Mmmm, do I smell pasta?
Yes, at the request of a family member I actually had to go in and get some inevitably awful JC Penney photos of myself. Boy, was that ever awkward. Has there been any instance of these things not coming out looking hopelessly hokey? Mine have the added bonus of my apparently really fucking bad skin. I just don't notice it as much normally somehow.
Arrr! Me newspaper plunders the high seas of yellow journalism, arr! The photographer told me to push my hat back to show more of my face. I'm pretty sure that was a bad idea.
Anyway, I think I'm going to try to catch Stanley Kubrick's Fear and Desire which starts in ten minutes on TCM. So, ciao.
Twitter Sonnet #333
Amphibious kleenex corks burger wine.
Guitar gum rocks rotten cartoon wolf teeth.
Girls just want guys to mention iodine.
Catherine spilled chemicals all on the heath.
Uncooked stomachs affront all the raw food.

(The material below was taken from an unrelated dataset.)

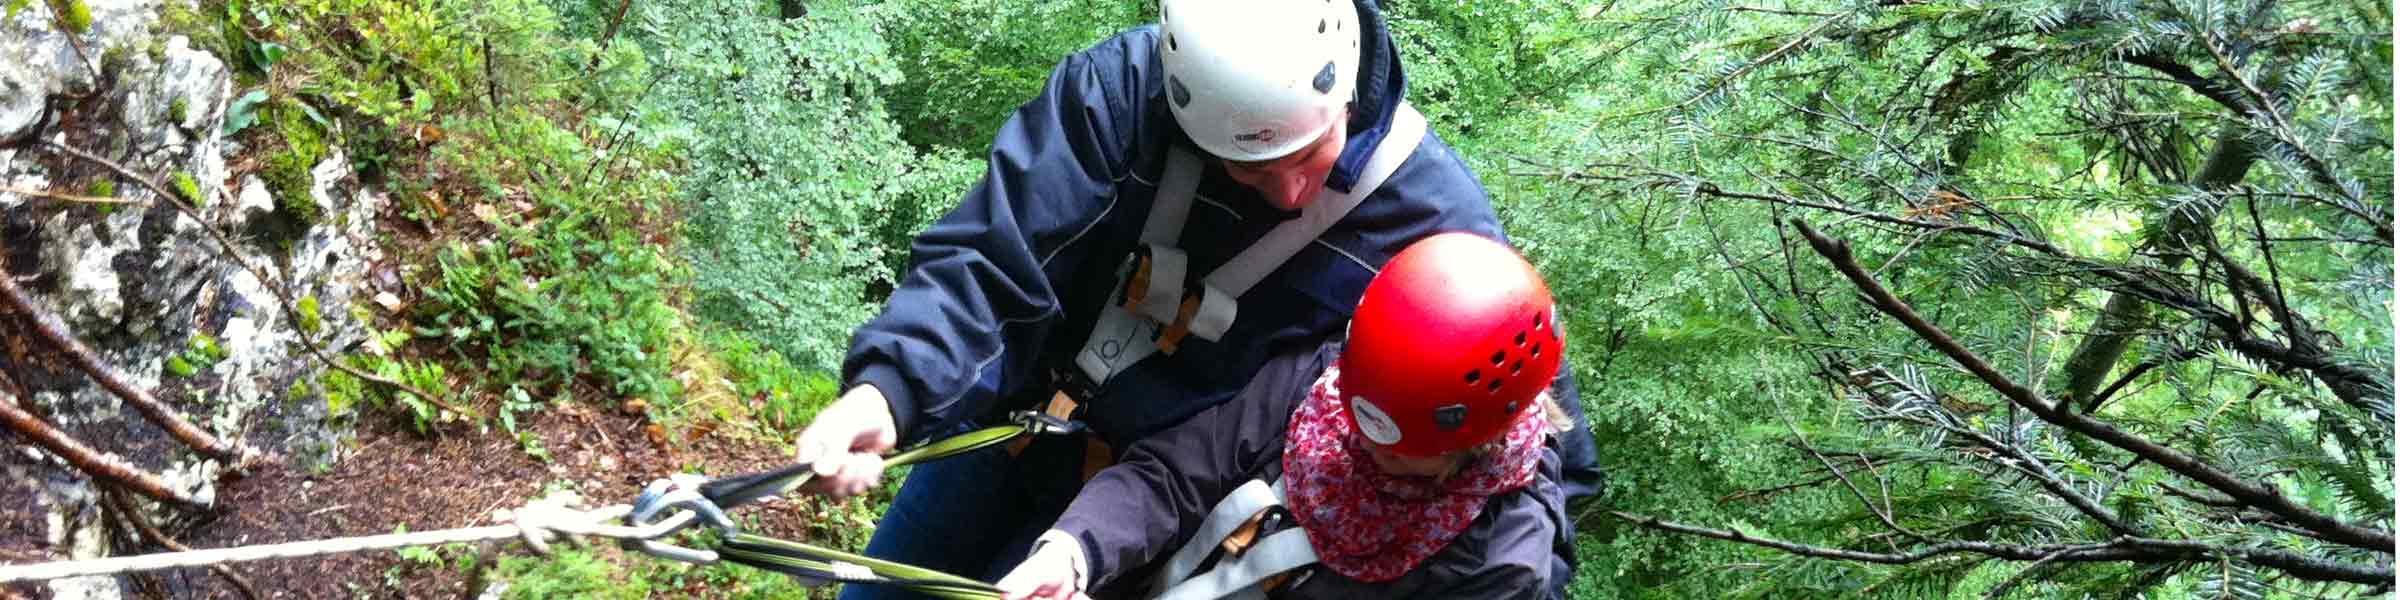 Klettergarten Oberaudorf: Gruppenerlebnis für Vereine
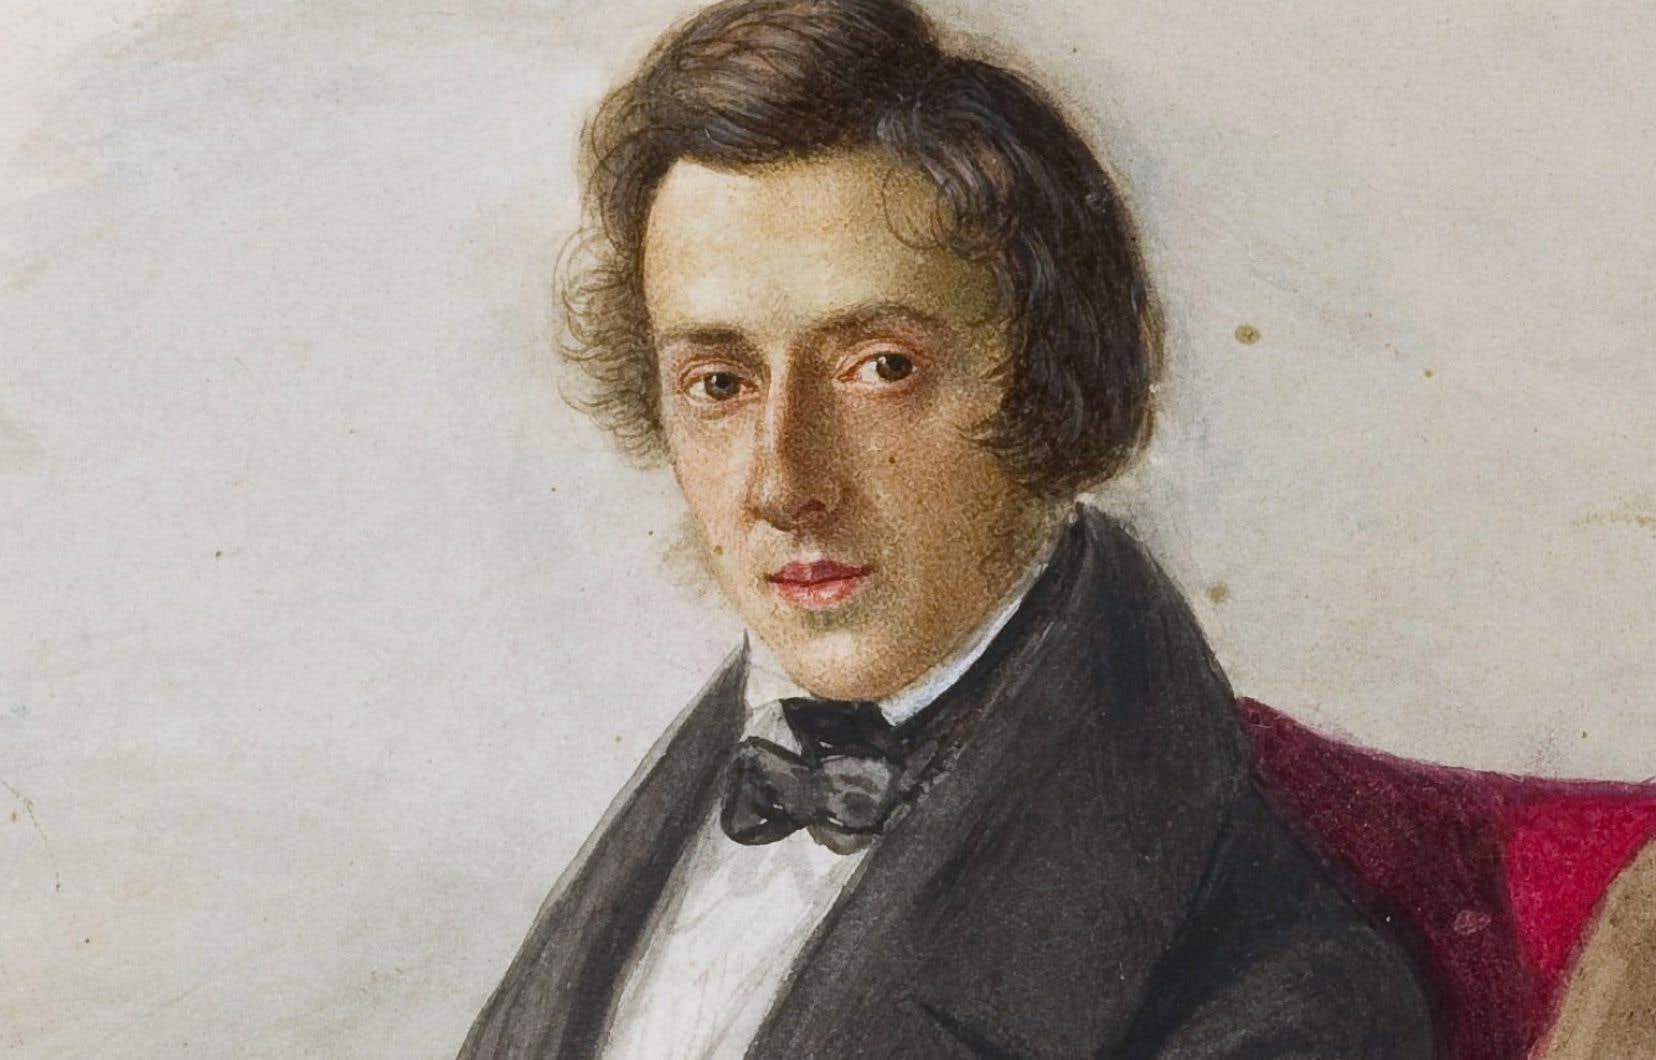 D'ici à 2020, «Chopin sera le premier grand compositeur dont l'ensemble des partitions seront disponibles dans leur version numérisée», a déclaréMaciej Janicki, le directeur adjoint de l'Institutpolonais Frédéric Chopin.

Ancient commercials sold psychos to God.
Cold tea impacts the astrologer's mood.
During Christmas, it's a snow globe holds Zod.
Grey smiles surround a senseless infant.
Walter Burns' thoughts through thoughtless photographs.
Wookiees shave for nostalgic elephant.
Hacker codes are naked in telegraphs.
Movies shorten for gift card MacGuffin.
Guerrilla kids spawn in Starbucks' muffin.